Demographic Biases and Gaps in the Perception of Sexism in Large Language Models
This work addresses the challenge of demographic biases in automated sexism detection for social media analysis, but it is incremental as it builds on prior efforts to improve detection without introducing a new method.
The study tackled the problem of detecting sexism in social media text using Large Language Models (LLMs), finding that while LLMs can detect sexism to some extent based on overall population opinions, they fail to accurately replicate the diverse perceptions across different demographic groups, such as age and gender, using the EXIST 2024 tweet dataset.
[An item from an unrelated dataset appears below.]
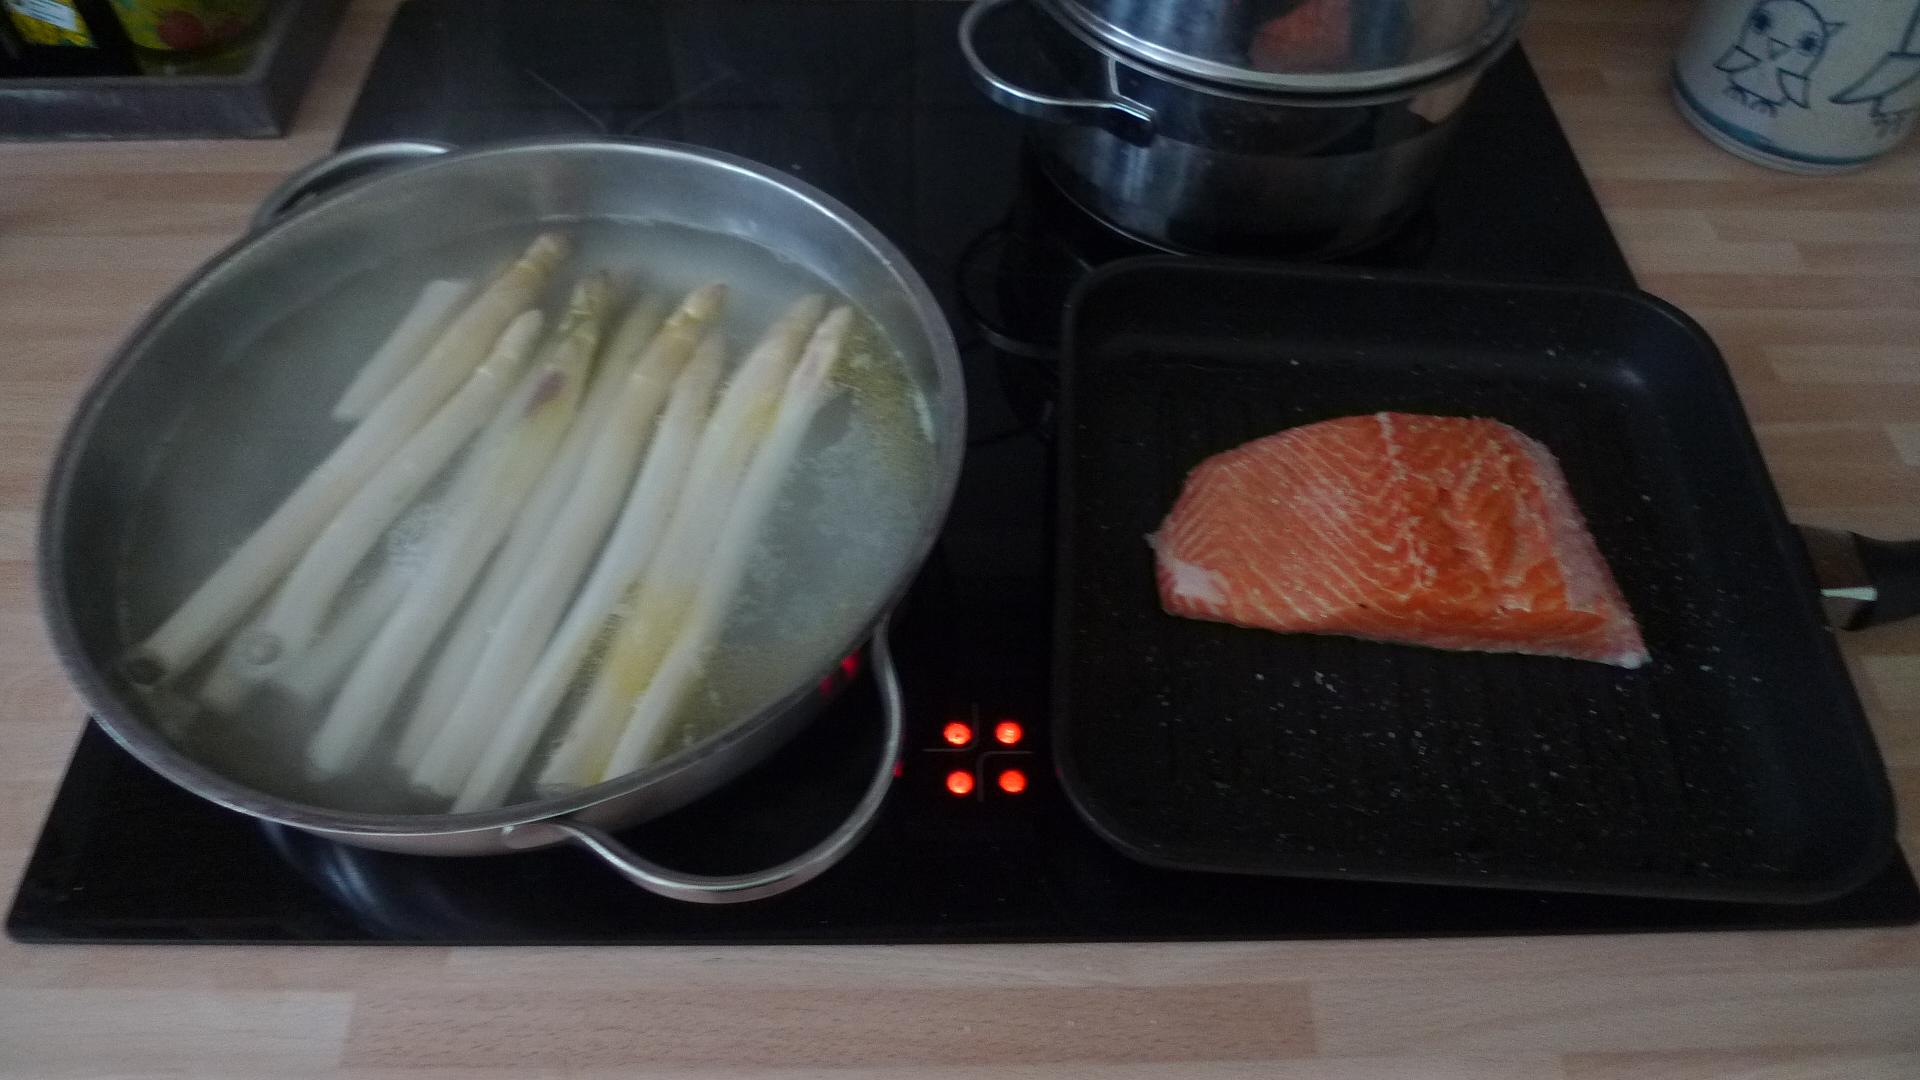 Lachs,Spargel,Salat,Kartoffeln - 25.4.15   (2)

The use of Large Language Models (LLMs) has proven to be a tool that could help in the automatic detection of sexism. Previous studies have shown that these models contain biases that do not accurately reflect reality, especially for minority groups. Despite various efforts to improve the detection of sexist content, this task remains a significant challenge due to its subjective nature and the biases present in automated models. We explore the capabilities of different LLMs to detect sexism in social media text using the EXIST 2024 tweet dataset. It includes annotations from six distinct profiles for each tweet, allowing us to evaluate to what extent LLMs can mimic these groups' perceptions in sexism detection. Additionally, we analyze the demographic biases present in the models and conduct a statistical analysis to identify which demographic characteristics (age, gender) contribute most effectively to this task. Our results show that, while LLMs can to some extent detect sexism when considering the overall opinion of populations, they do not accurately replicate the diversity of perceptions among different demographic groups. This highlights the need for better-calibrated models that account for the diversity of perspectives across different populations.